Mixtures of von Mises distributions
Mixtures provide a descriptive way to represent multimodal circular
distributions. The EM fit can depend on initialization, so use
seed, nstart and
glance_circular() when reproducibility or convergence
matters.
fit_mix <- fit_vonmises_mixture(
wind_directions$direction,
k = 2,
nstart = 3,
seed = 2026,
max_iter = 200
)
#> Warning: `fit_vonmises_mixture()` did not converge within `max_iter`
#> iterations.
tidy_circular(fit_mix)
#> # A tibble: 2 × 4
#> component proportion mu kappa
#> <int> <dbl> <dbl> <dbl>
#> 1 1 0.321 0.903 1.49
#> 2 2 0.679 4.06 0.755
glance_circular(fit_mix)
#> # A tibble: 1 × 12
#> n components logLik AIC BIC iterations converged nstart start_id
#> <int> <int> <dbl> <dbl> <dbl> <int> <lgl> <int> <int>
#> 1 500 2 -912. 1833. 1854. 200 FALSE 3 1
#> # ℹ 3 more variables: empty_components <int>, kappa_max <dbl>, axial <lgl>
ggplot(wind_directions, aes(x = direction)) +
geom_rose(aes(y = after_stat(density)), bins = 24, alpha = 0.35) +
stat_vonmises_mixture(fit = fit_mix, linewidth = 1) +
scale_x_circular_degrees() +
coord_circular() +
theme_circular()
Angular model diagnostics
ggcircular provides basic methods for angular model
summaries and residual diagnostics. The example below uses a small mock
object with the same observed and fitted angle fields expected from
supported angular model classes.
fit <- structure(
list(
y = wind_directions$direction[1:50],
mui = normalize_angle(wind_directions$direction[1:50] + rnorm(50, 0, 0.15)),
term_labels = c("intercept", "speed")
),
class = "angular"
)
tidy_circular(fit)
#> # A tibble: 2 × 2
#> term estimate
#> <chr> <dbl>
#> 1 intercept 0
#> 2 speed 0
glance_circular(fit)
#> # A tibble: 1 × 7
#> model_class nobs npar logLik AIC BIC kappa
#> <chr> <int> <int> <dbl> <dbl> <dbl> <dbl>
#> 1 angular 50 0 NA NA NA NA
circular_model_diagnostics(fit)
#> # A tibble: 1 × 6
#> model_class n residual_mean residual_Rbar residual_variance
#> <chr> <int> <dbl> <dbl> <dbl>
#> 1 angular 50 0.0143 0.987 0.0126
#> # ℹ 1 more variable: max_abs_residual <dbl>
autoplot(fit, type = "residuals_density")
Circular posterior draws
When the optional posterior package is installed,
circular posterior draws can be converted to a long format and
summarized with circular statistics.
if (requireNamespace("posterior", quietly = TRUE)) {
set.seed(1)
draws <- posterior::draws_df(
theta = rnorm(400, mean = pi / 3, sd = 0.25),
phi = rnorm(400, mean = pi, sd = 0.35)
)
circular_draws <- as_circular_draws(draws, variables = c("theta", "phi"))

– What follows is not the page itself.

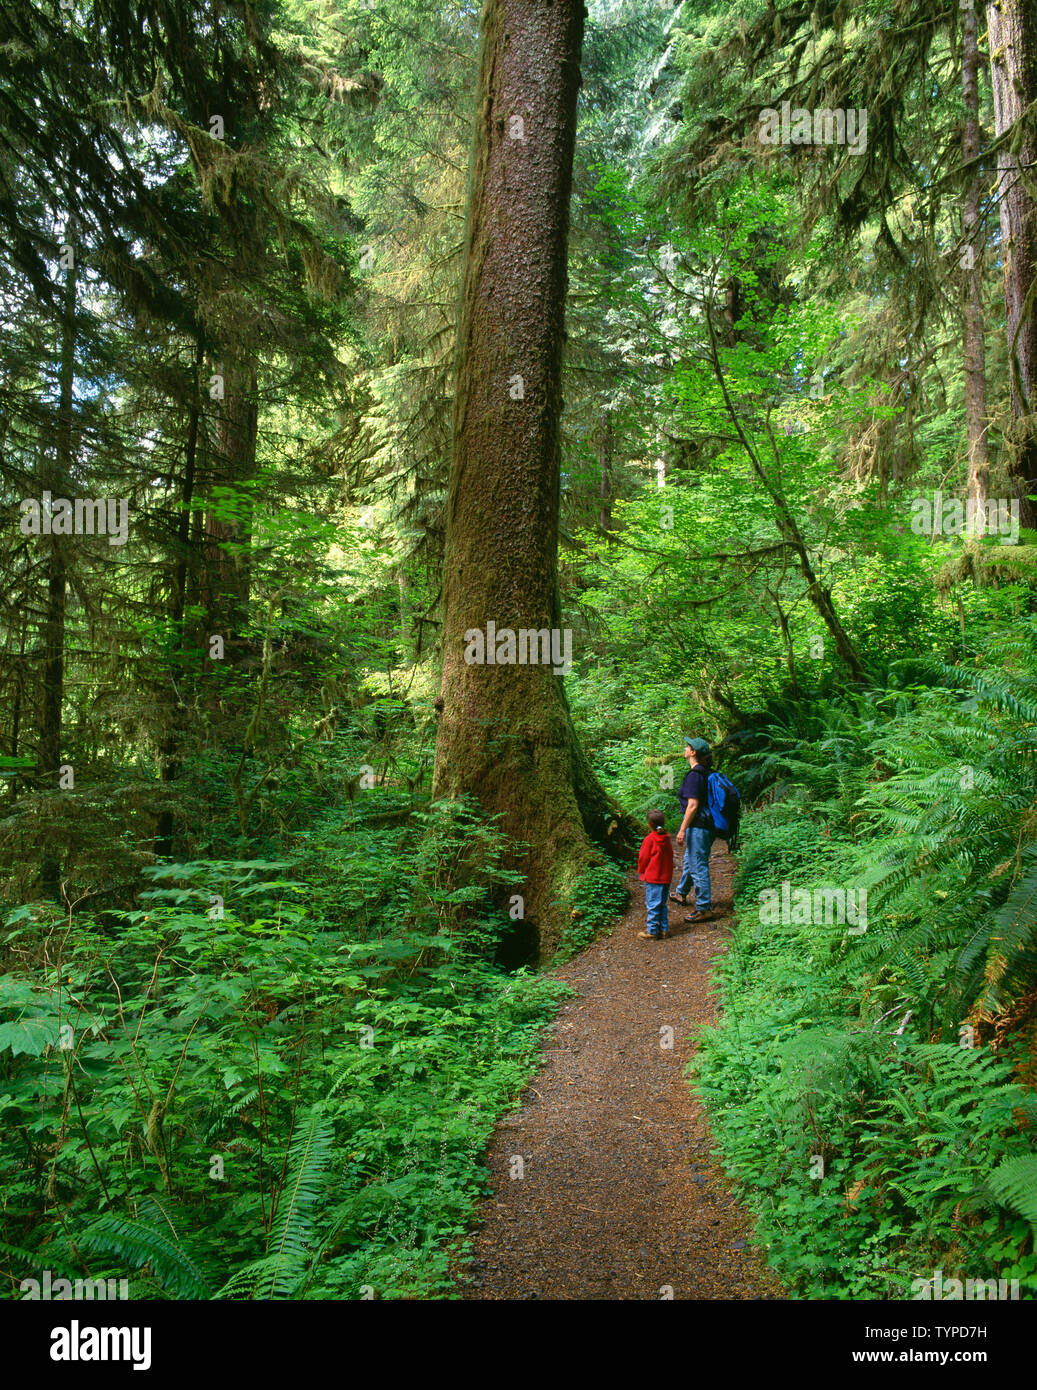 USA, Washington, Olympic National Park, Mother and daughter pause while hiking to view temperate rain forest in the Quinault Valley. Stock Photo

summarise_circular_draws(circular_draws)
}
#> # A tibble: 2 × 7
#> .variable n mean Rbar lower upper level
#> <chr> <int> <dbl> <dbl> <dbl> <dbl> <dbl>
#> 1 phi 400 3.12 0.931 2.37 3.83 0.95
#> 2 theta 400 1.06 0.971 0.567 1.52 0.95
if (requireNamespace("posterior", quietly = TRUE)) {
autoplot_circular_draws(circular_draws)
}
Experimental features
The optional model integrations are experimental. They are intended
to make diagnostics easier for workflows built with
CircularRegression, momentuHMM and
posterior, while keeping those packages in
Suggests. The functions give explicit errors when an
optional package is required but not installed.
Statistical limitations
Circular graphics are descriptive and should be read with the data-generating context in mind.
- A rose diagram can change visually with the number of bins.

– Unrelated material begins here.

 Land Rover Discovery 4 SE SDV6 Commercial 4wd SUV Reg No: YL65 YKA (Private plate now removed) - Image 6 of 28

- A circular mean is unstable when
Rbaris close to zero. - Directional and axial data require different summaries.
- Compass bearings and mathematical angles use different zero directions.

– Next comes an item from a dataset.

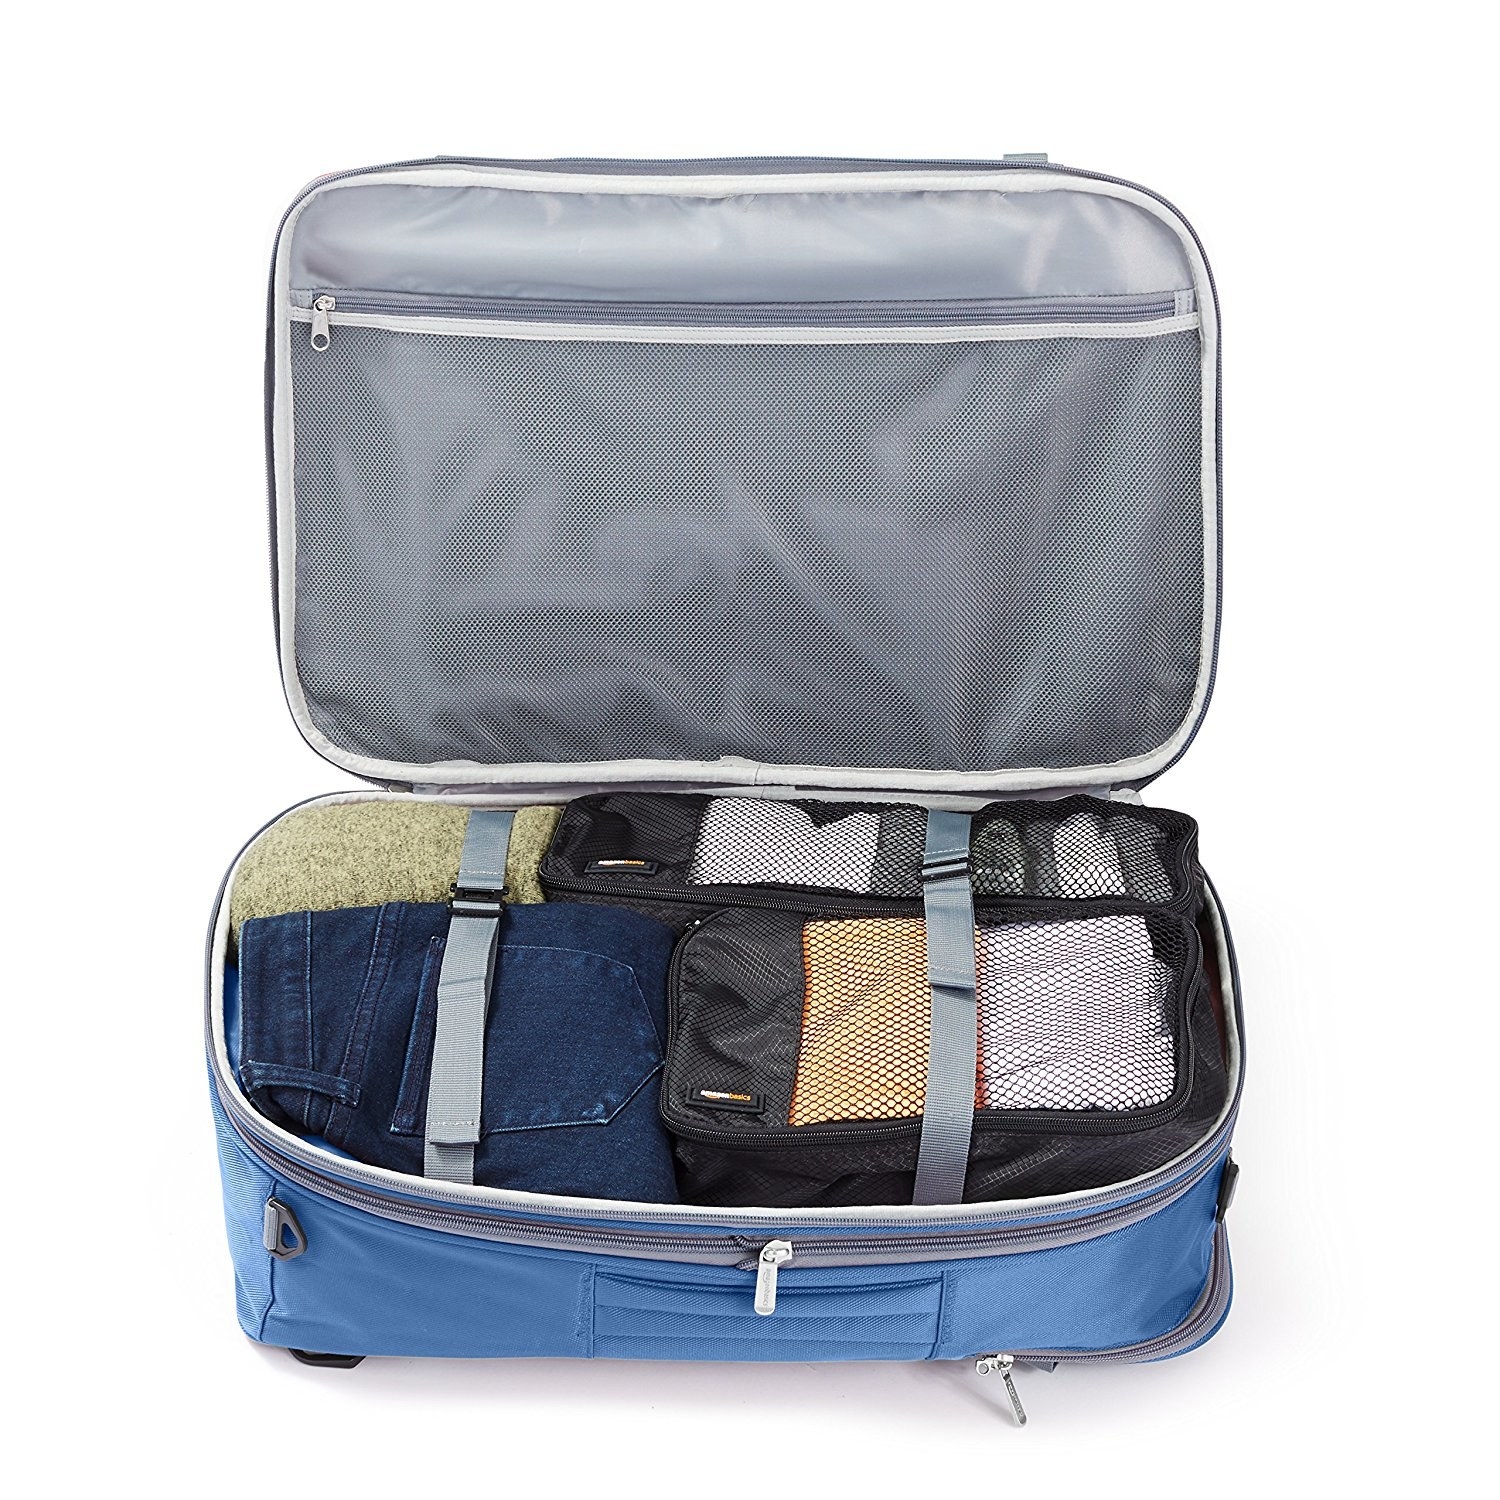 A Guide To Carry-On Luggage For 24 Major Airlines (And Our Favorite Bags)

- Multimodal data should not be summarized only by one mean direction.
- The automatic circular density bandwidth is a heuristic.
-
estimate_kappa()is a descriptive approximation, not a full uncertainty analysis. - Rayleigh and Watson-Williams tests have classical assumptions that should be checked before confirmatory use.